The Intervention Came Too Late

By Cheryl Lavin

October 1, 2017 4 min read

Should children interfere in the lives of their adult parents?

That was basically the question that DAUGHTER OF SWINGING SENIOR asked.

She was worried about her mother. Her father had died and her mother was dating a man 10 years her junior. The man said he was divorced and living alone in a small, rundown house. But he spent several nights a week, and all holidays, living in a home with his married daughter and his ex-wife.

DSS asked, "Isn't this odd?"

Oh, yeah.

Her mother once spent the weekend with him and his ex-wife.

"She says this is all acceptable behavior under the 'new rules' for senior dating. Is there any such thing?"

I told her there are a lot of new rules, but three-way housekeeping isn't one of them.

"Something is so obviously wrong that it may be time for an intervention."

DAUGHTER OF A SWINGING SENIOR has written back ...
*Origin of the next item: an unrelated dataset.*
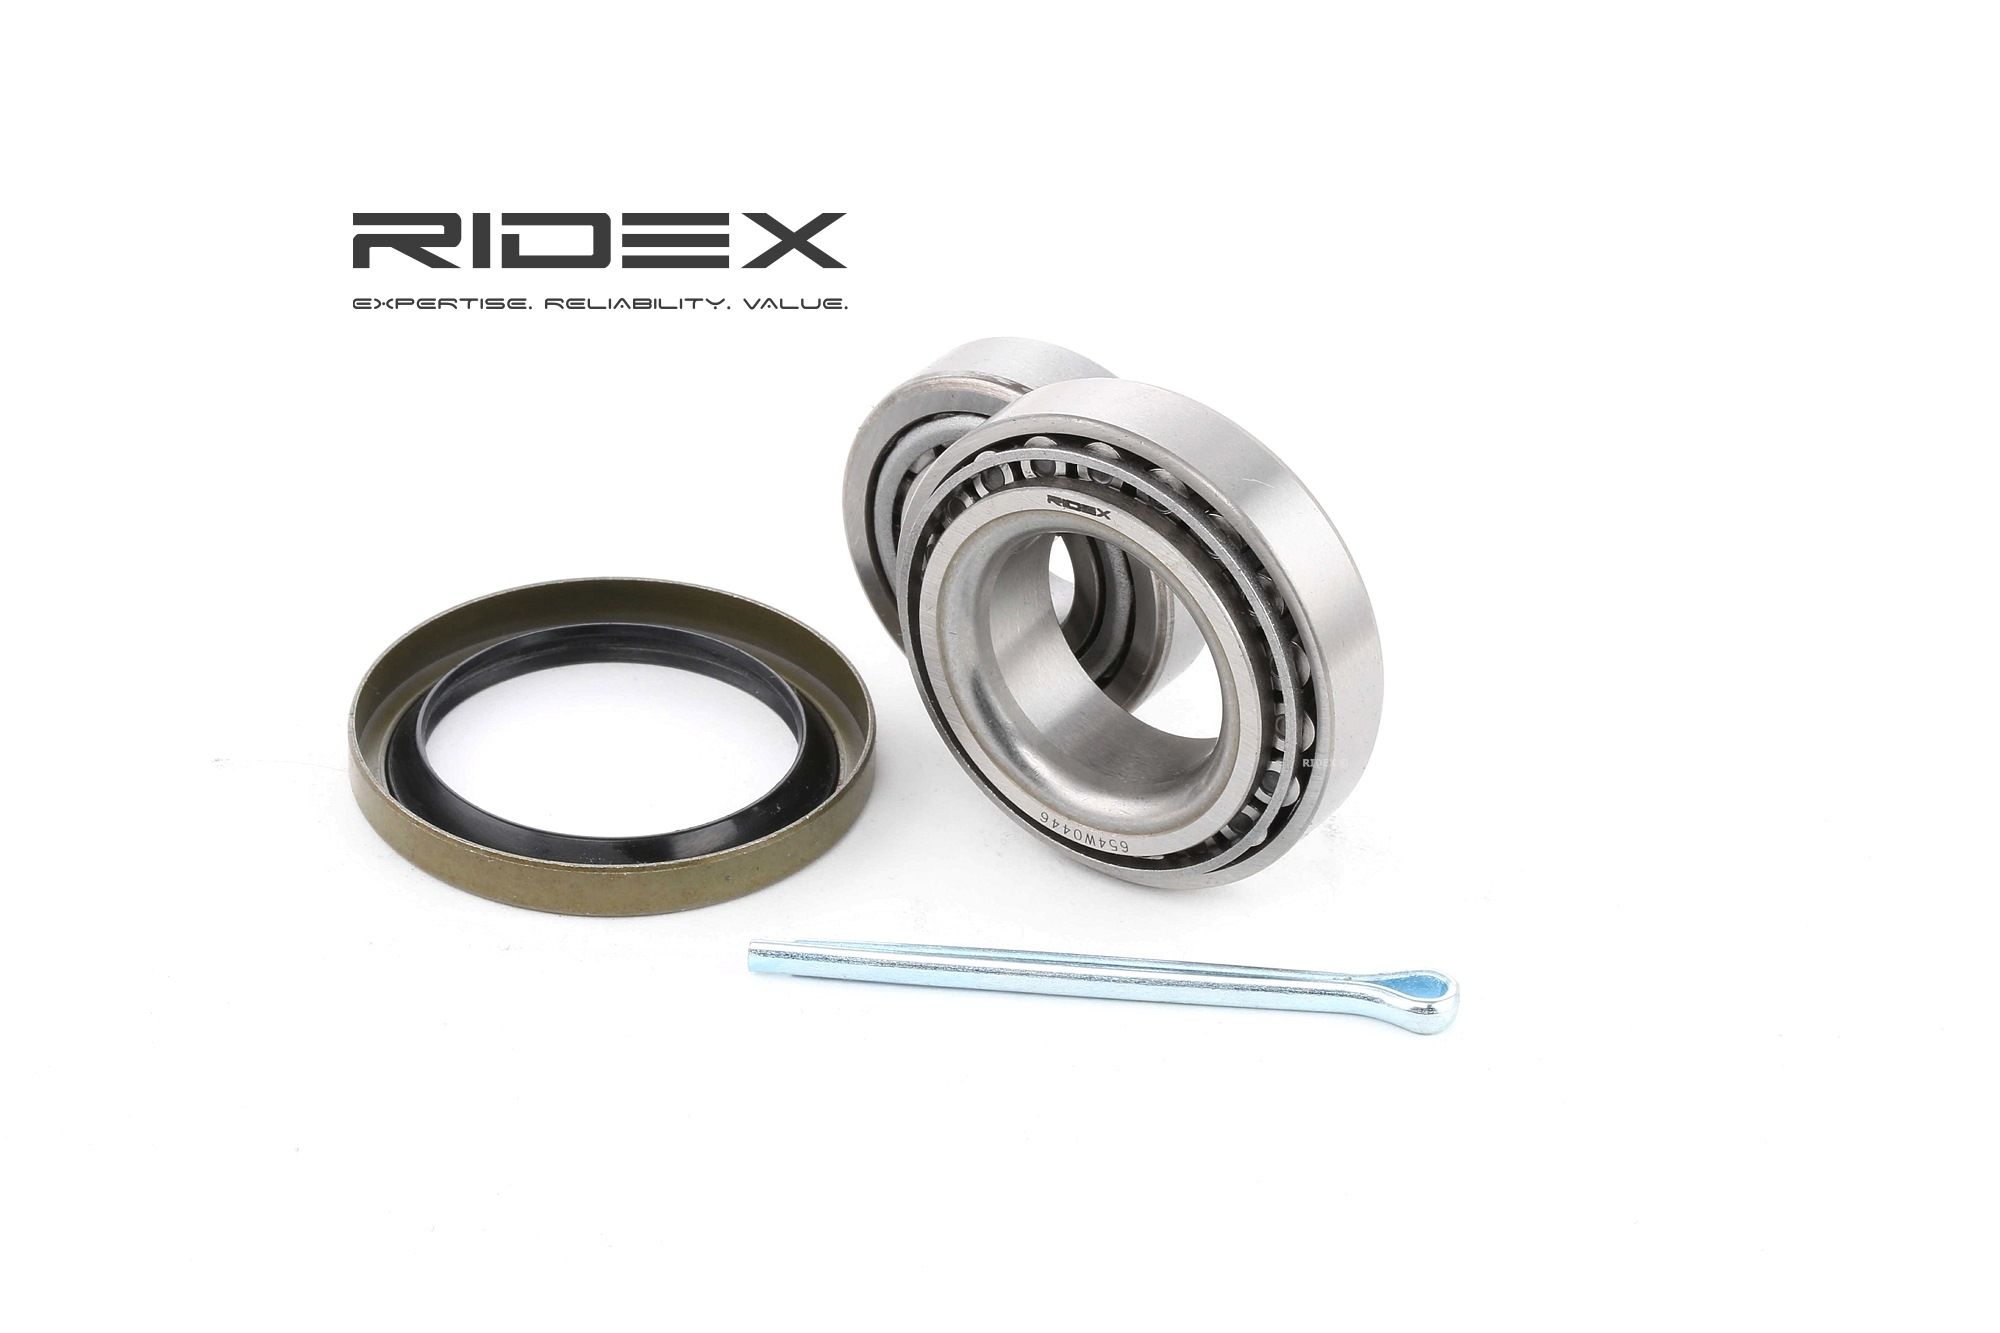 RIDEX 654W0446 Wheel bearing kit Front axle both sides, Rear Axle both sides, 50 mm

"Her boyfriend is gone and so is her house. She acts like both losses are just bad luck. The first loss was par for the course from what I could see, but the second came as a shock because she had assured us a couple of years ago that her house was paid off. The next thing we knew, the house was in foreclosure. Now she's living with my sister.

"The moral of this story is if your parent(s) start acting strangely, have some kind of intervention before it's too late."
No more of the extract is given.